The spins of the two $B$ may combine as \begin{align} \text{singlet}\quad|s_1s_2\rangle &= \frac{\left|\uparrow\downarrow\right> - \left|\uparrow\downarrow\right\rangle}{\sqrt2}, & \text{or triplet}\quad|s_1s_2\rangle &= \frac{\left|\uparrow\downarrow\right> + \left|\uparrow\downarrow\right\rangle}{\sqrt2}. \end{align}
Since the two $B$ have spin-1/2, they obey Fermi-Dirac statistics and their total wavefunction must be antisymmetric under exchange. Therefore the antisymmetric spin singlet can only be paired with $L=0,2,\cdots$, which have even parity; the symmetric spin triplet must be paired with $L=1,3,\cdots$, so that the parity of the orbital angular momentum wavefunction makes the entire wavefunction change sign if the two $B$ are interchanged.

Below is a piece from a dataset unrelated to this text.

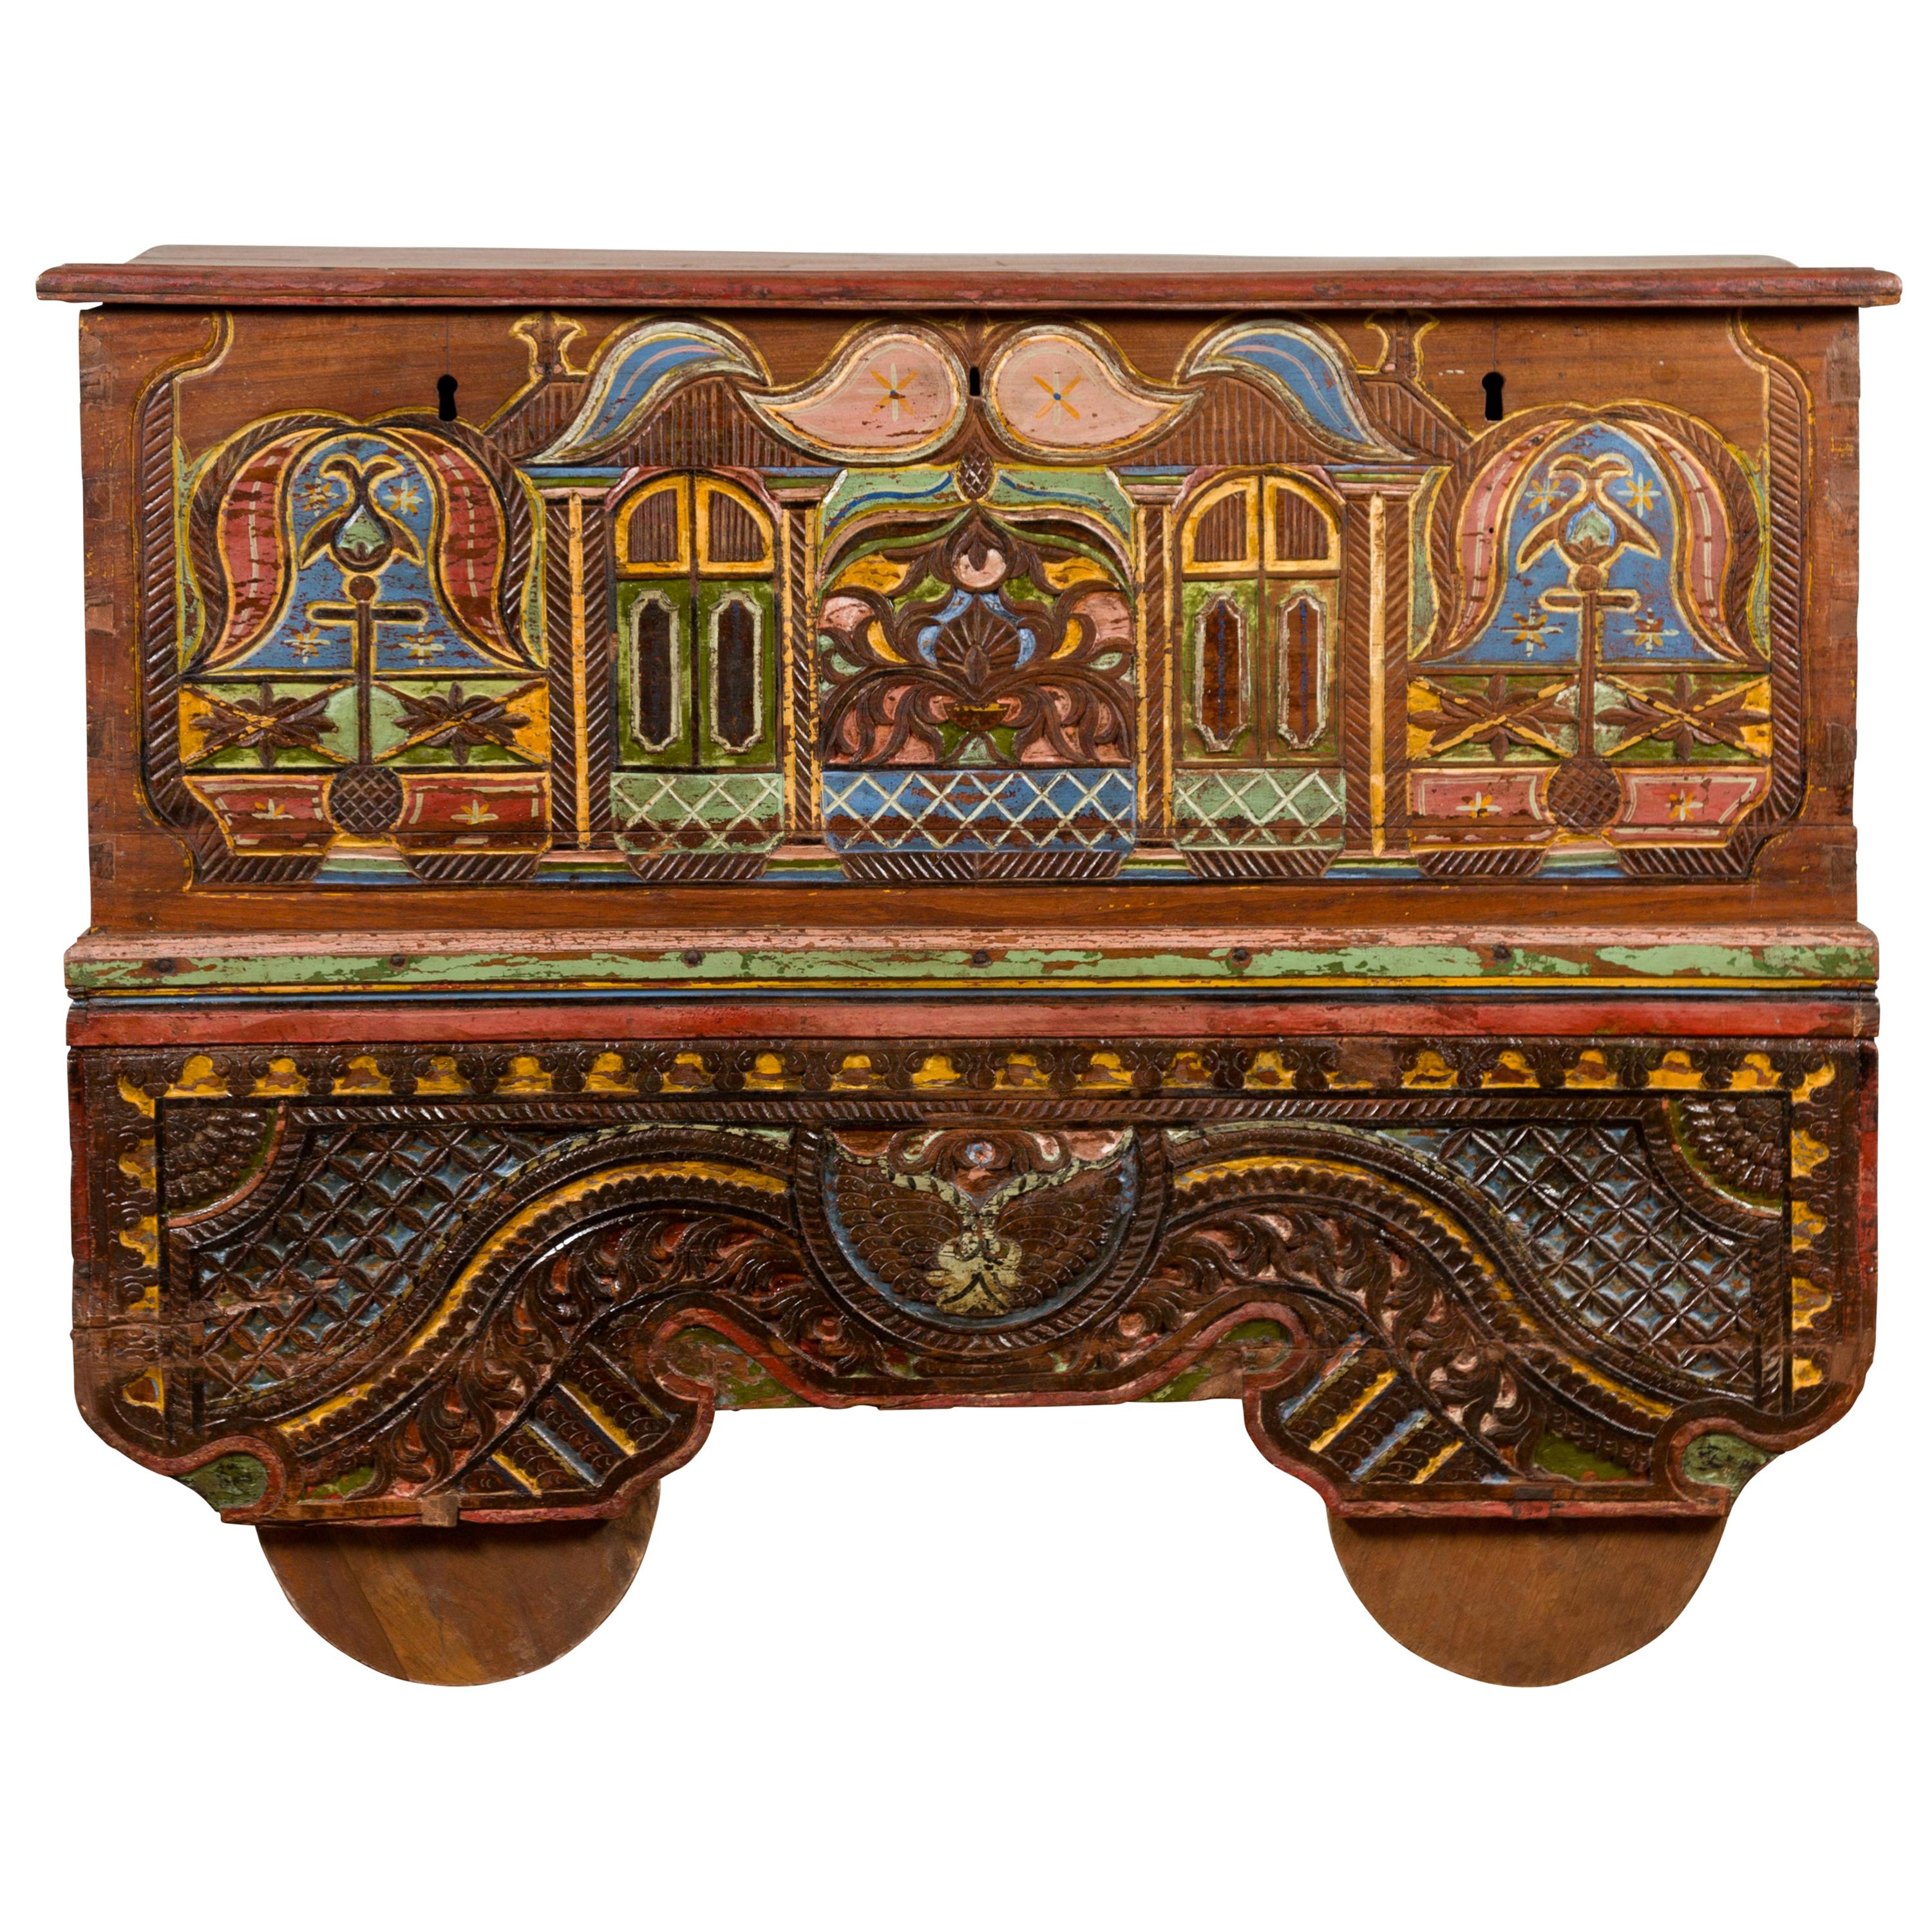 Coffre de marchand polychrome indonésien Madurese du 19ème siècle sur roues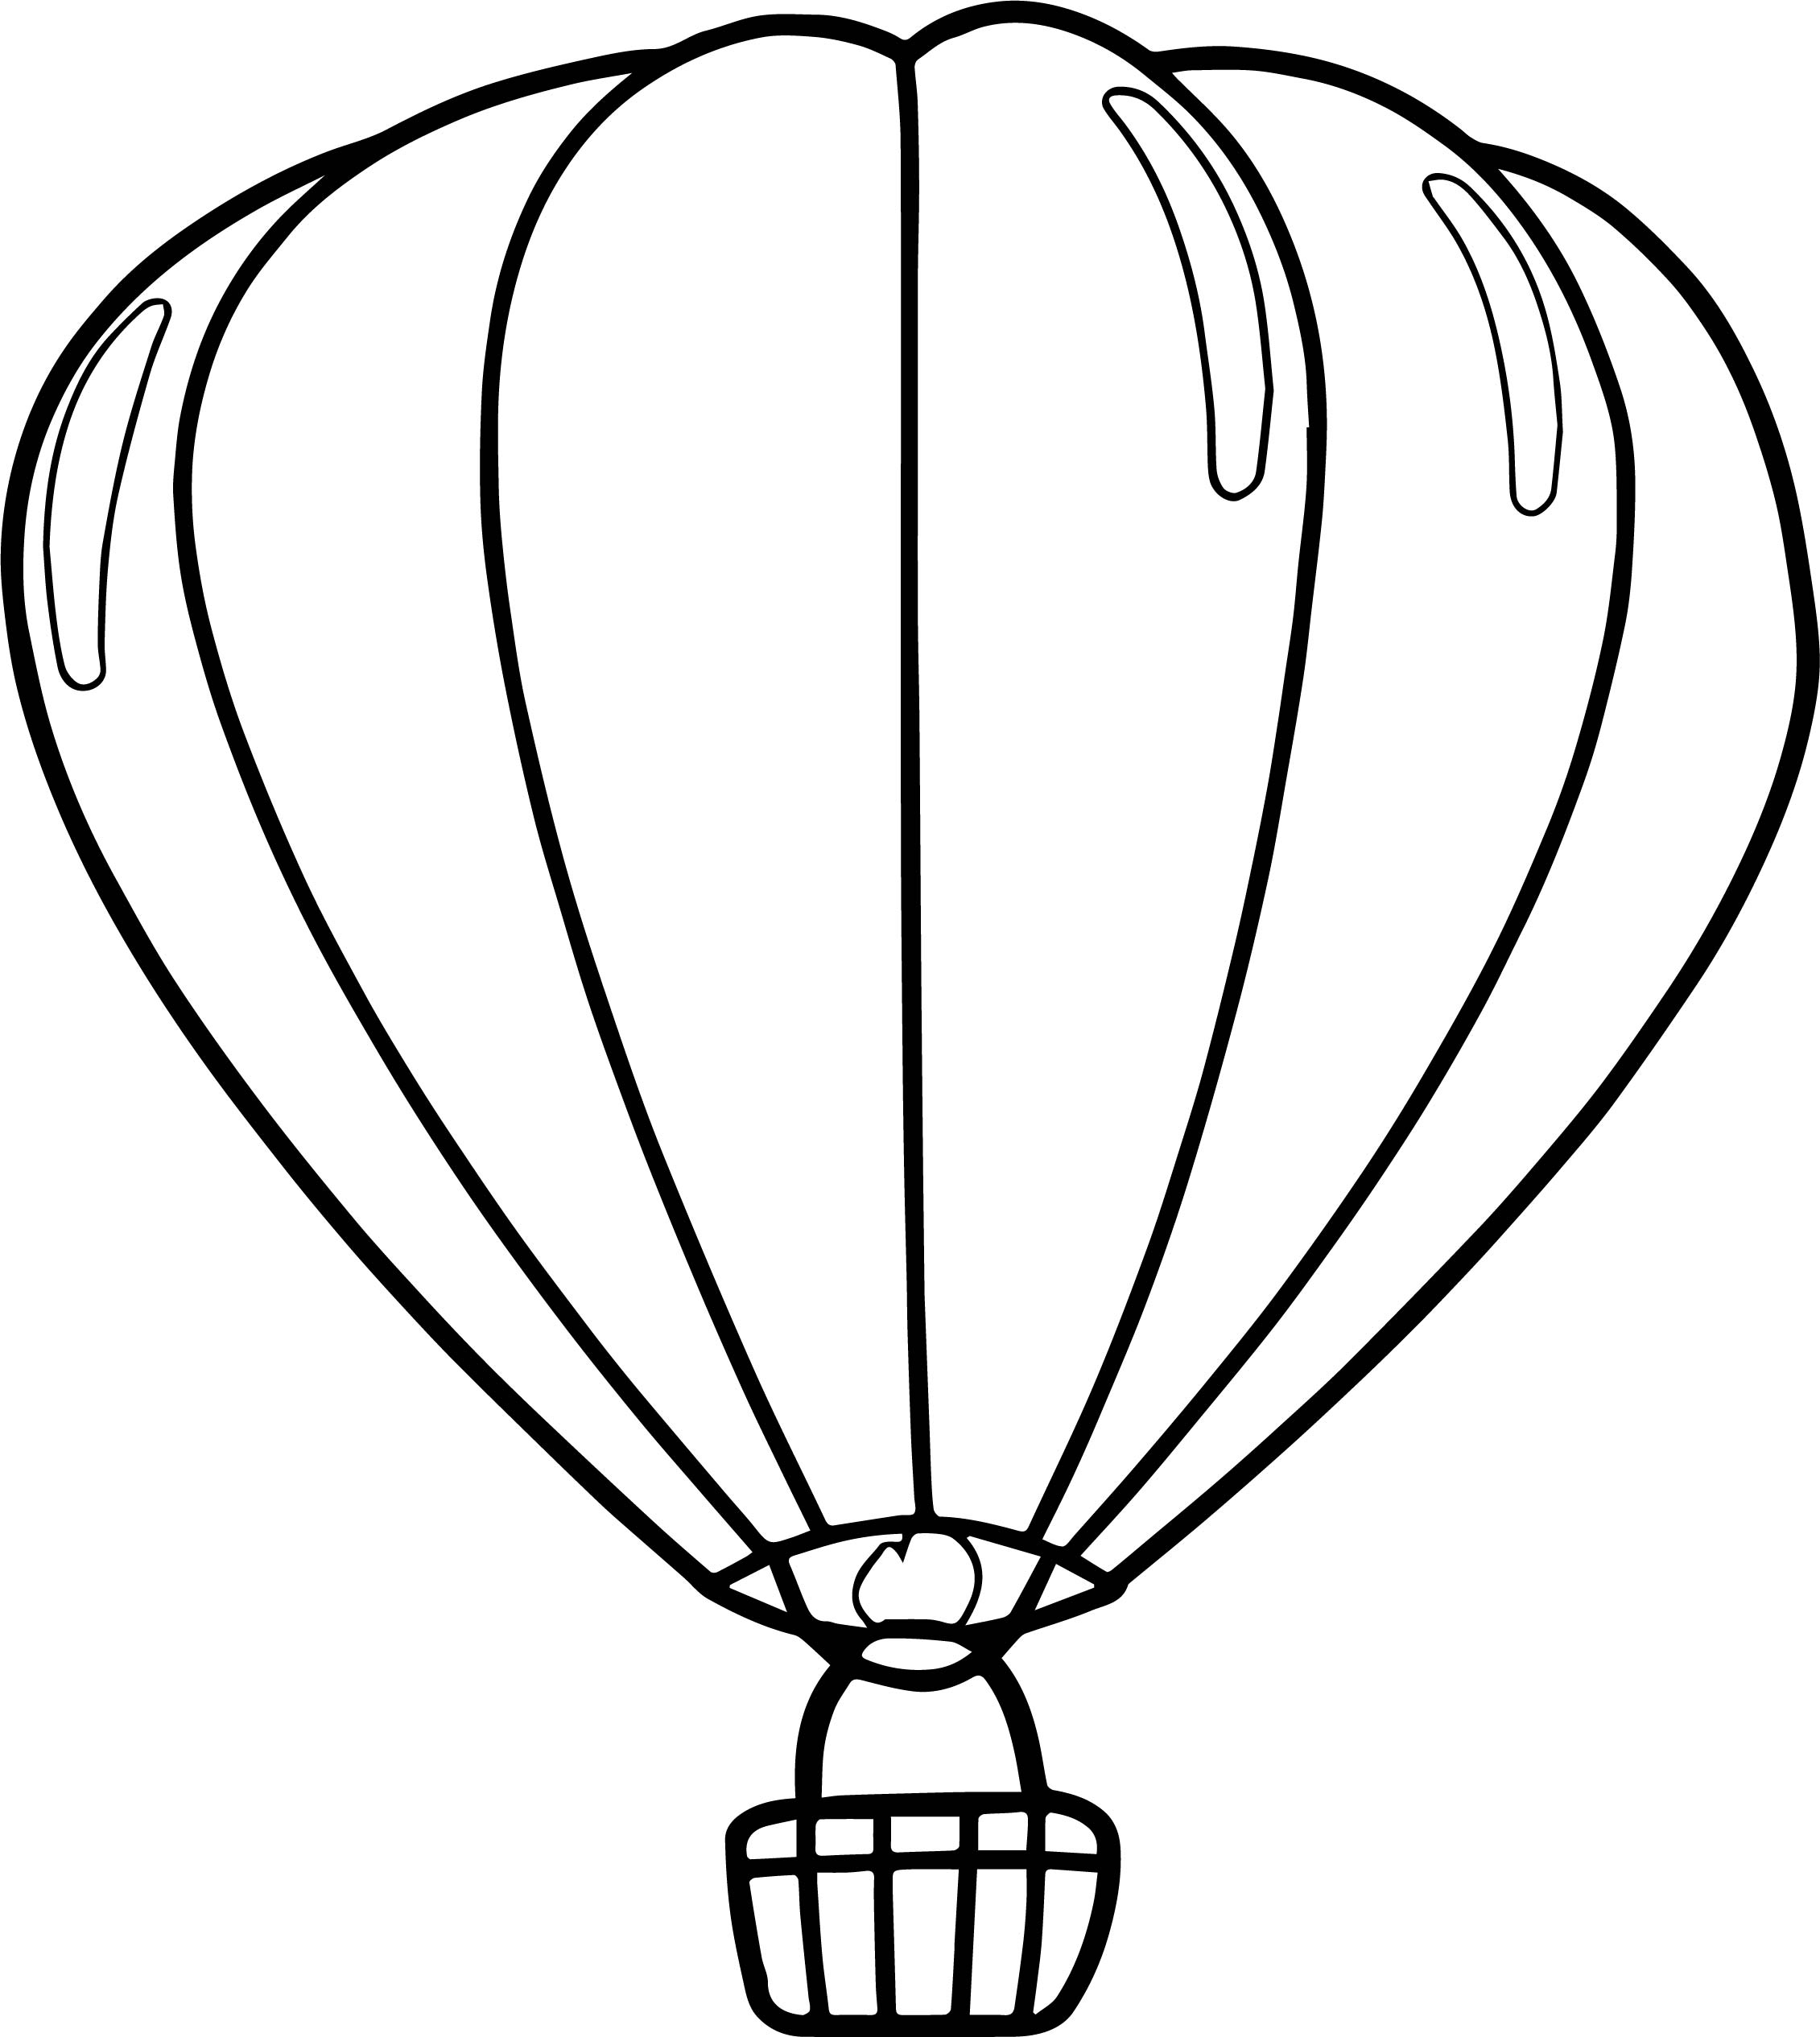 Раскраски шарика распечатать. Воздушный шар раскраска. Воздушный шар раскраска для детей. Шар воздушный с рисунком. Воздушный шар рисунок для детей.

The intrinsic parity of $B$ doesn't contribute to the overall parity of the final state, since there are two of them; if the $B$ have negative parity, the overall intrinsic parity of the pair is still positive. Thus the allowed final states are \begin{align} \text{positive parity}&: & \text{spin singlet (antisymmetric)} && L&=0 \\ \text{negative parity}&: & \text{spin triplet (symmetric)} && L&=1 \end{align} I've omitted the spin singlet combined with $L=2$, since we do not have that much angular momentum. Likewise there is no combination of the spin triplet and $L=3$ which can be produced from a $J=2$ initial state.
If $A$ has definite parity and parity is conserved in the decay, only one of these possibilities is allowed. In fact, the way that angular momentum combines (with the possibility of the spin triplet plus the $L=1$ wavefunction adding to a $J^P=0^-$ final state) means that the parity has more to do with the allowed final spin state than $A$'s spin does: $$ \begin{array}{r|cc} & \text{spin 0} & \text{spin 1} \\ \hline \text{parity}+ & \text{decay to singlet},0^+ & \text{decay forbidden} \\ \text{parity}- & \text{decay to triplet},0^- & \text{decay to triplet},1^- \end{array} $$